::: Exercise data :::

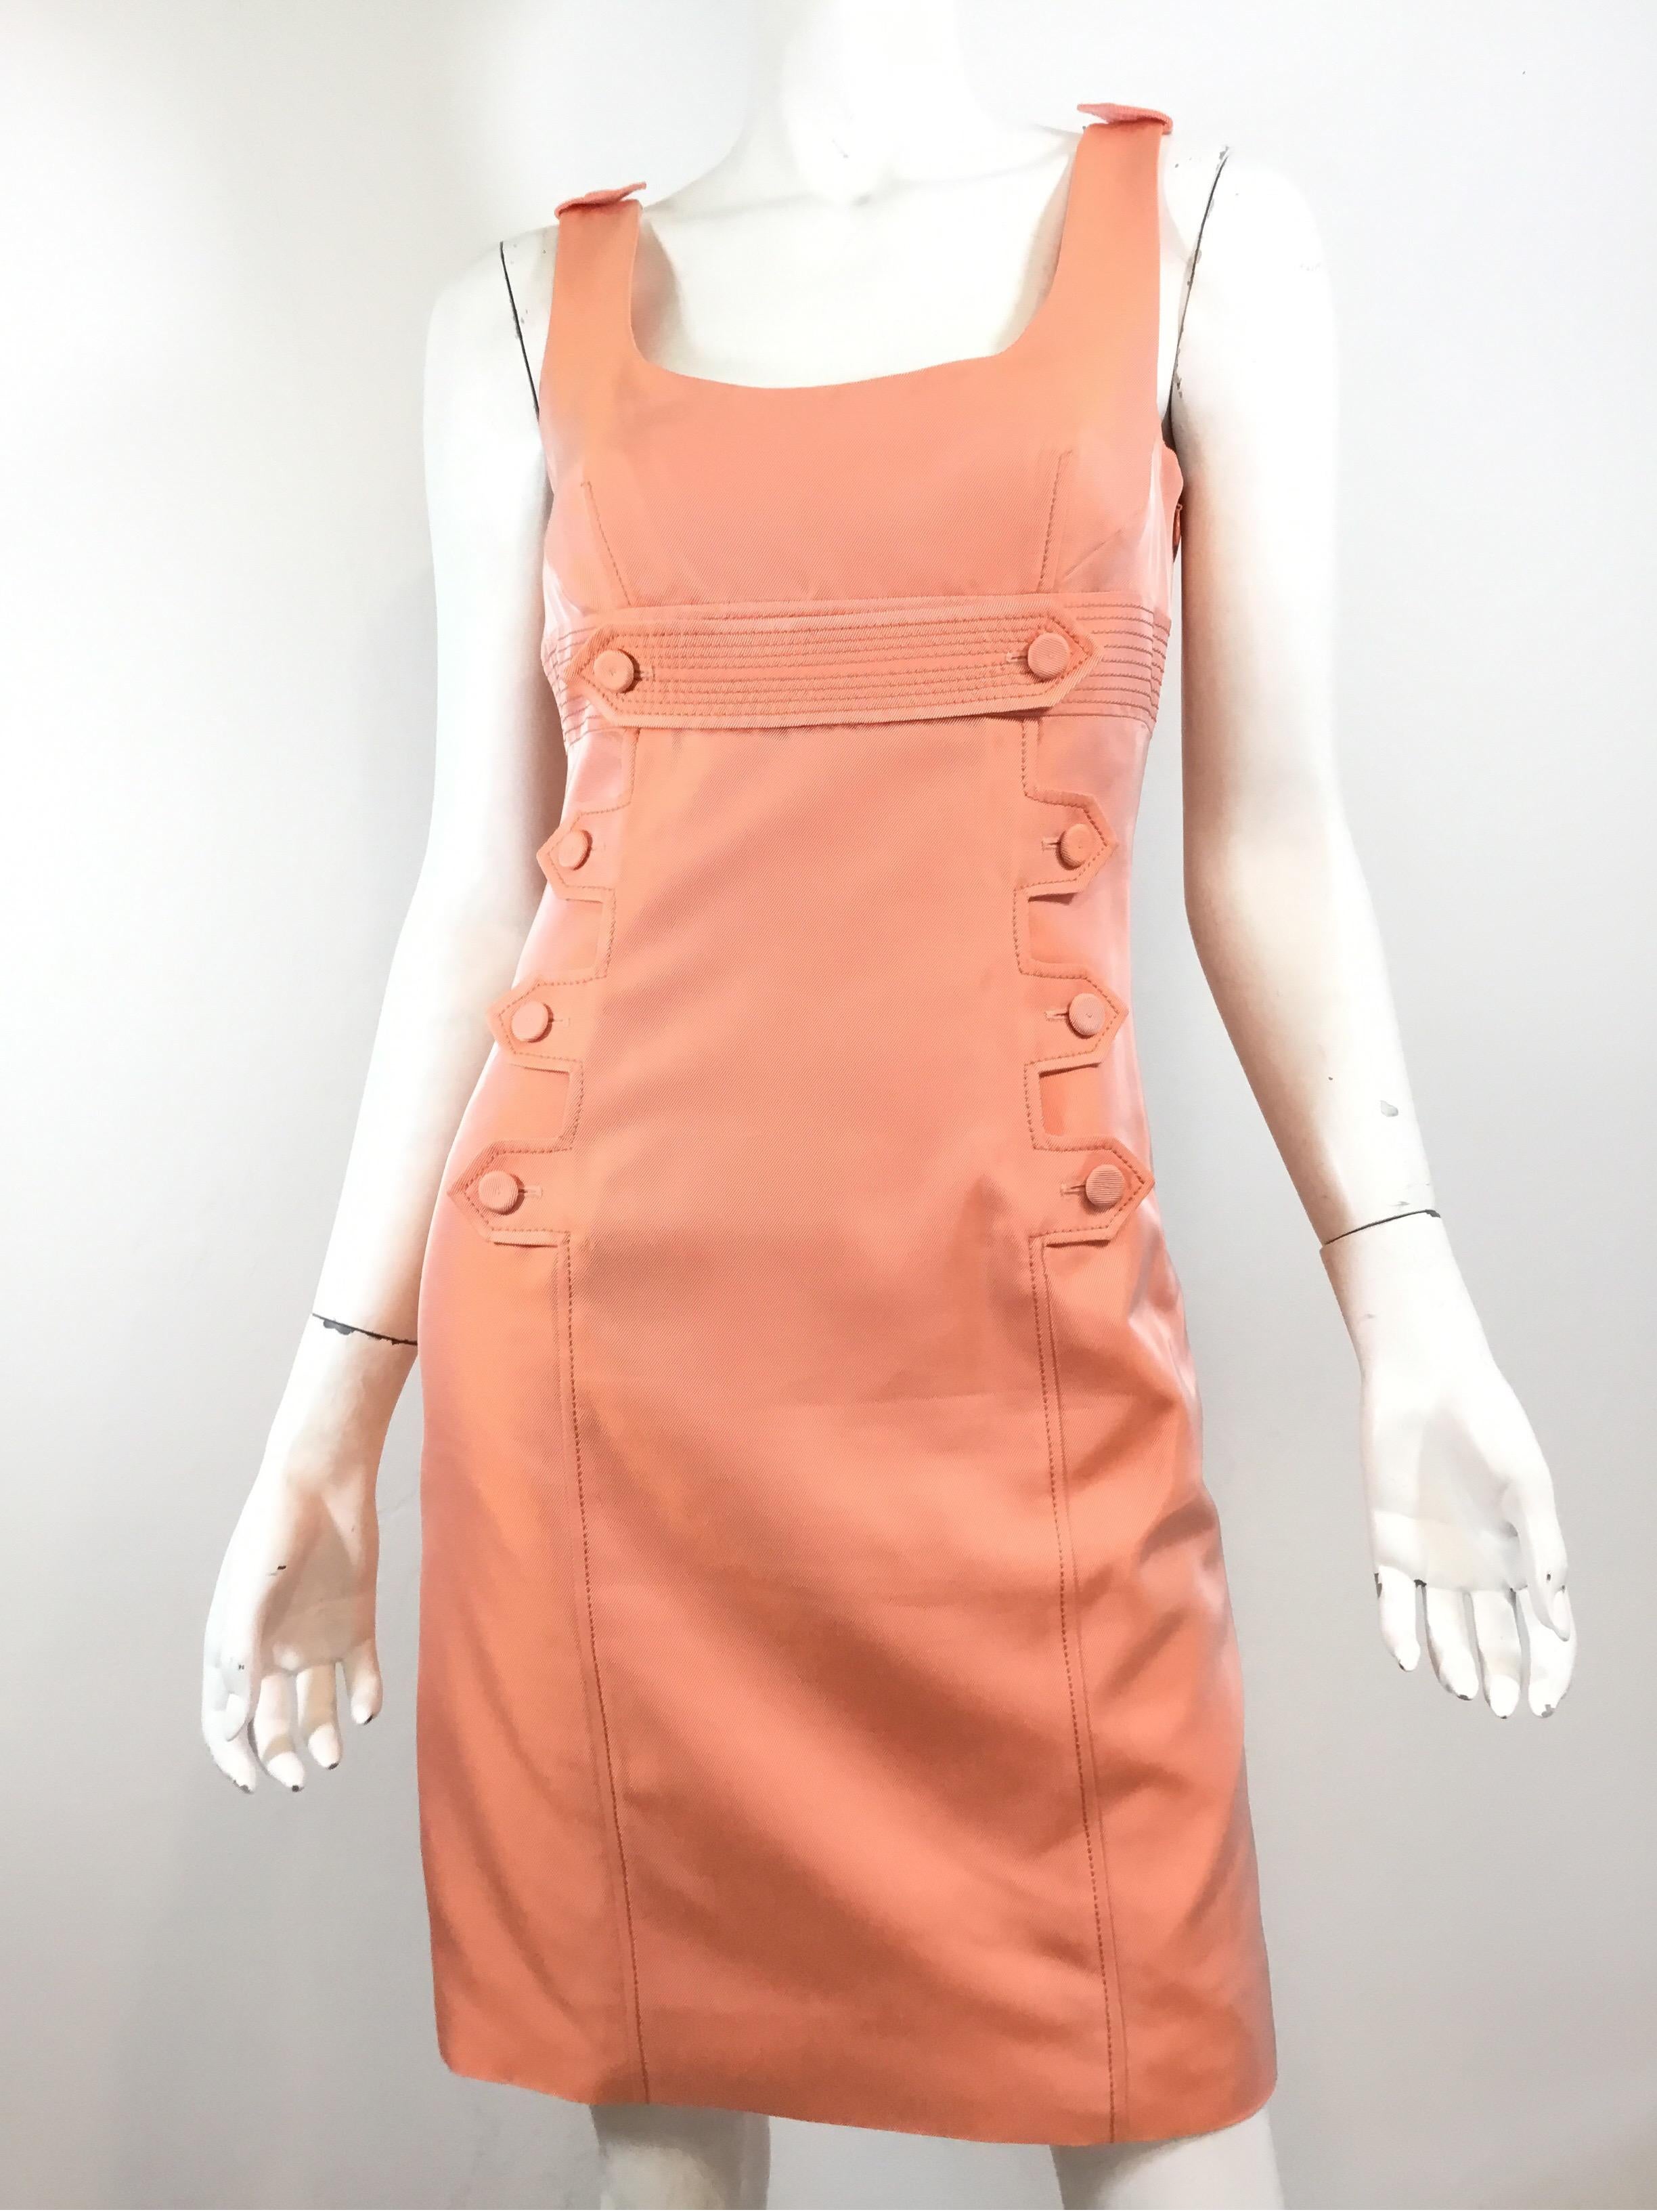 Givenchy Dress featured in a Coral/peach color with decorative buttons along the front. Dress has a side zipper fastening and full lining. Size 38, made in France. 

Bust 33”, waist 30”, hips 34”, length 32”
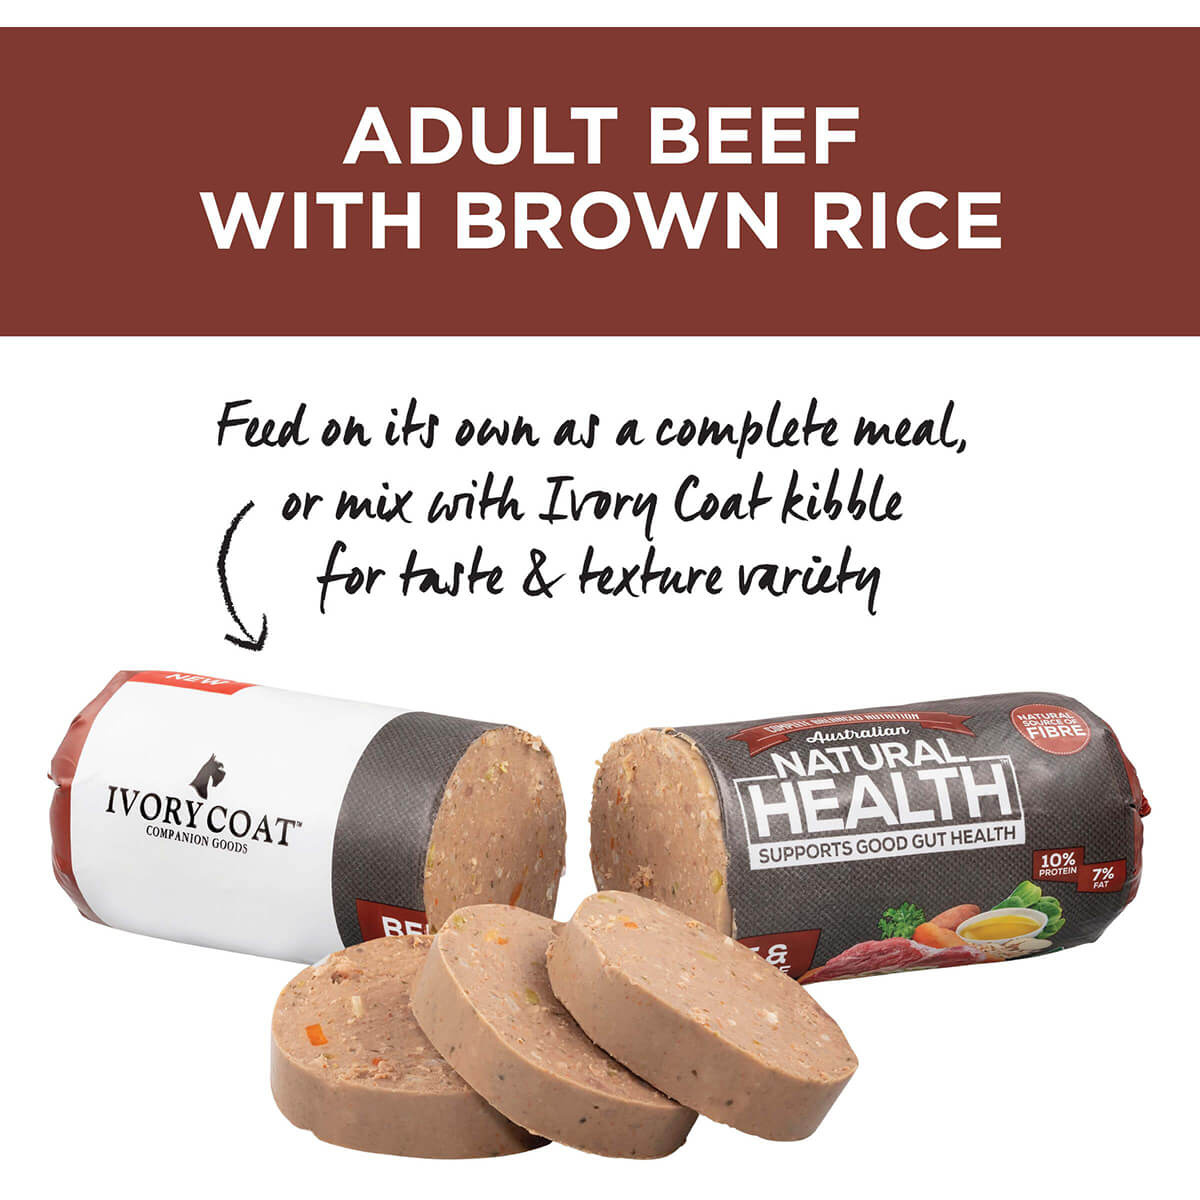 Ivory Coat Adult Beef & Brown Rice Dog Roll 1.4kg
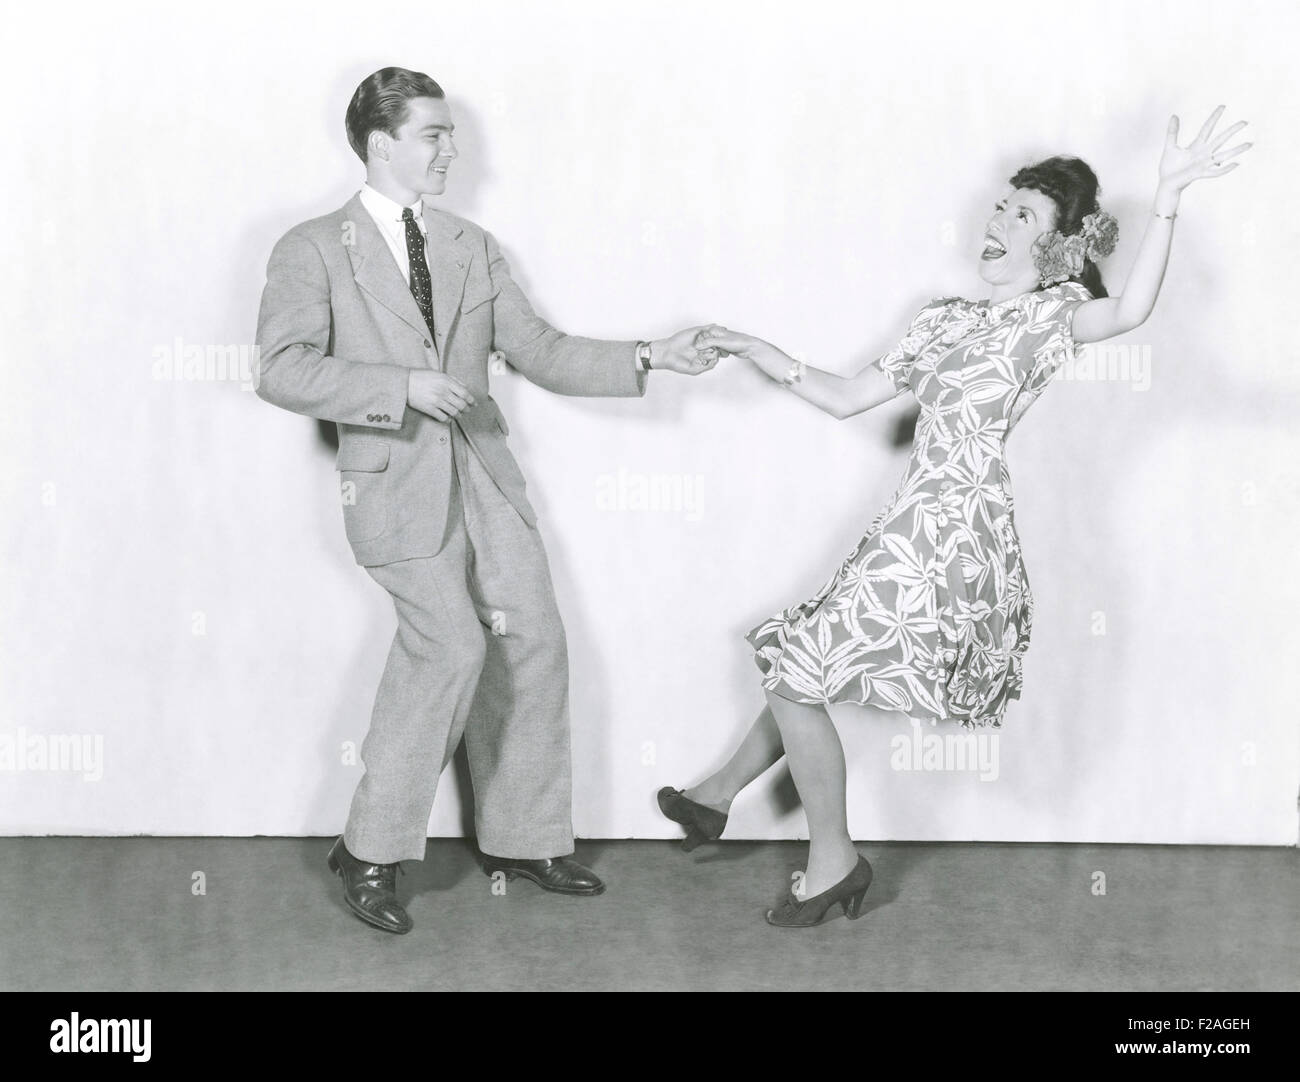 Swing Dance 1940s High Resolution Stock Photography and Images - Alamy

:::

_Task instructions_.
Restate all the material verbatim; omit every picture.

_Task output_.
 Givenchy Dress featured in a Coral/peach color with decorative buttons along the front. Dress has a side zipper fastening and full lining. Size 38, made in France. 

Bust 33”, waist 30”, hips 34”, length 32”
 Ivory Coat Adult Beef & Brown Rice Dog Roll 1.4kg
 Swing Dance 1940s High Resolution Stock Photography and Images - Alamy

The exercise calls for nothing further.